Nike-Hanmatheekuna/llama3-8b-sft-full

TEXT GENERATIONConcurrency Cost:1Model Size:8BQuant:FP8Ctx Length:8kPublished:May 16, 2024License:llama3Architecture:Transformer Cold

The Nike-Hanmatheekuna/llama3-8b-sft-full model is an 8 billion parameter language model fine-tuned from Meta-Llama-3-8B. It was trained with a learning rate of 2e-05 over 3 epochs, utilizing a cosine learning rate scheduler. This model is a specialized version of the Llama 3 architecture, intended for general language tasks following its supervised fine-tuning.

Loading preview...

Model Overview

Nike-Hanmatheekuna/llama3-8b-sft-full is an 8 billion parameter language model derived from the Meta-Llama-3-8B architecture.

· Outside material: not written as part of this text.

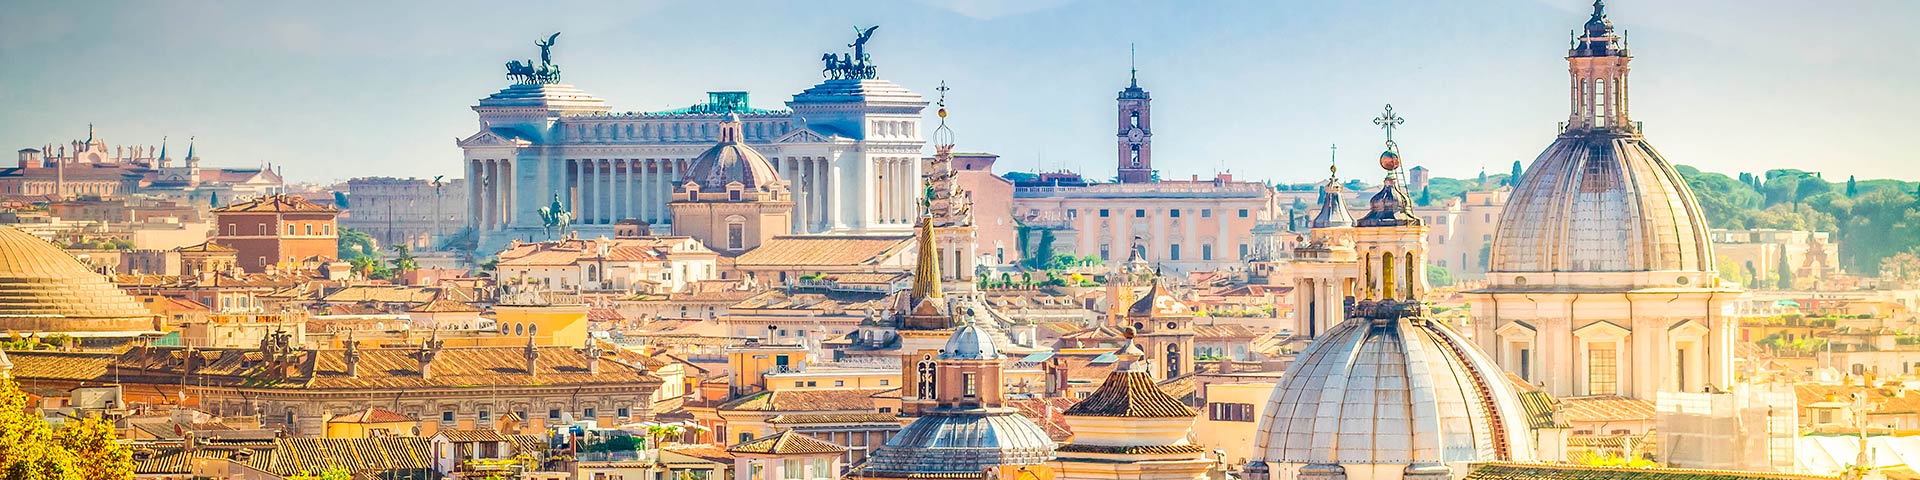 Italienisch Übersetzung: Skyline von Rom bei Tageslicht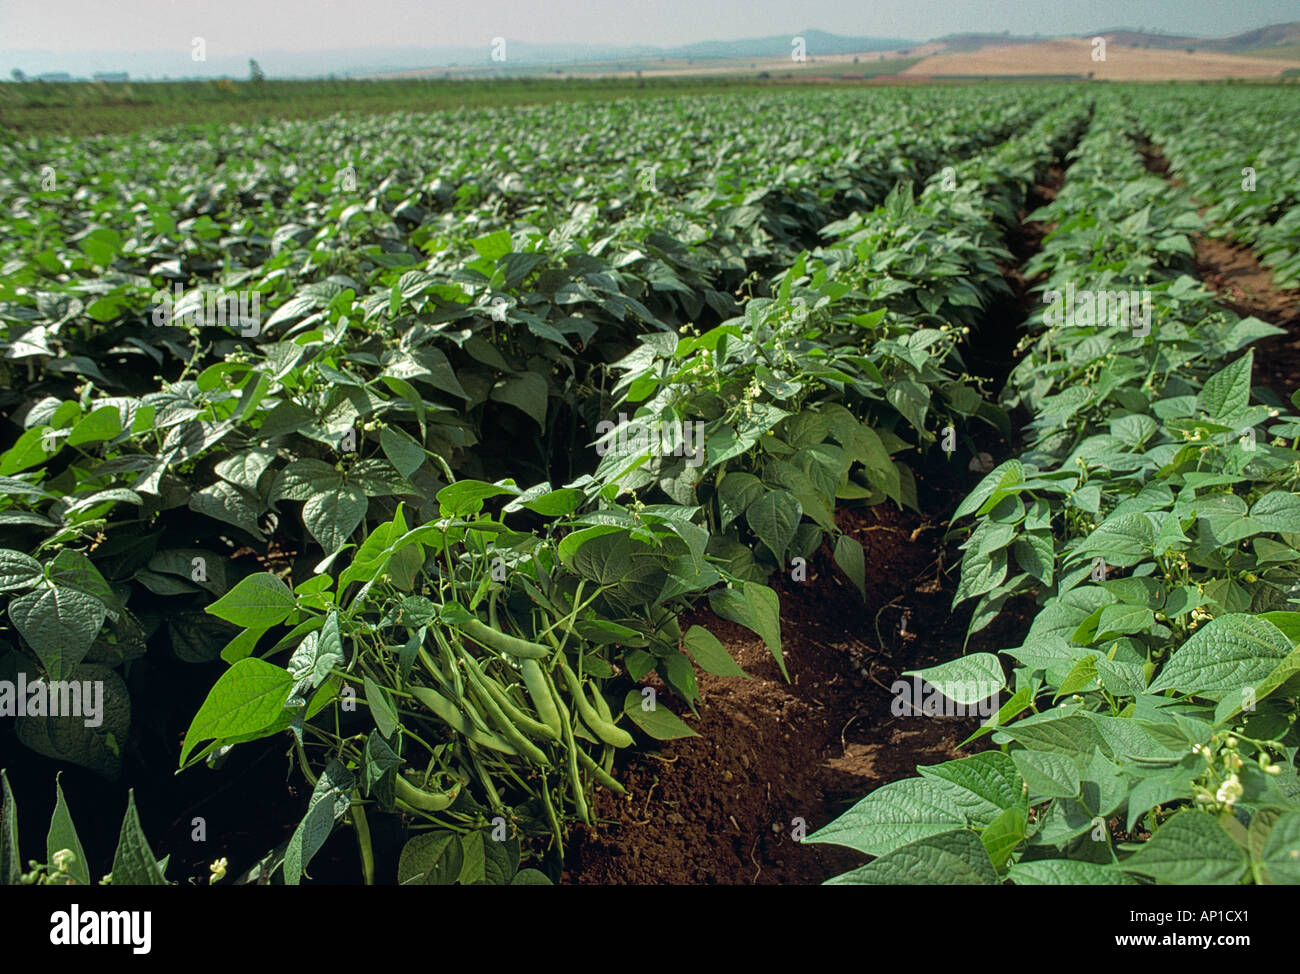 Landwirtschaft - Bereich der Reife grüne Bohnen reif für die Ernte /  Karacabey, Türkei Stockfotografie - Alamy

This version has undergone supervised fine-tuning (SFT) to adapt its capabilities, though the specific dataset used for this fine-tuning is not detailed.

Training Details

The model was trained using the following key hyperparameters:

  • Learning Rate: 2e-05
  • Batch Size: 2 (train and eval), with a total effective batch size of 64 due to gradient accumulation steps (32).
  • Optimizer: Adam with standard betas and epsilon.
  • Scheduler: Cosine learning rate scheduler with a 0.1 warmup ratio.
  • Epochs: 3

Intended Use

Given its foundation in the Llama 3 series and subsequent fine-tuning, this model is generally suitable for a range of natural language processing tasks. However, without specific information on the fine-tuning dataset, its optimal use cases and limitations are not fully defined. Users should evaluate its performance for their specific applications.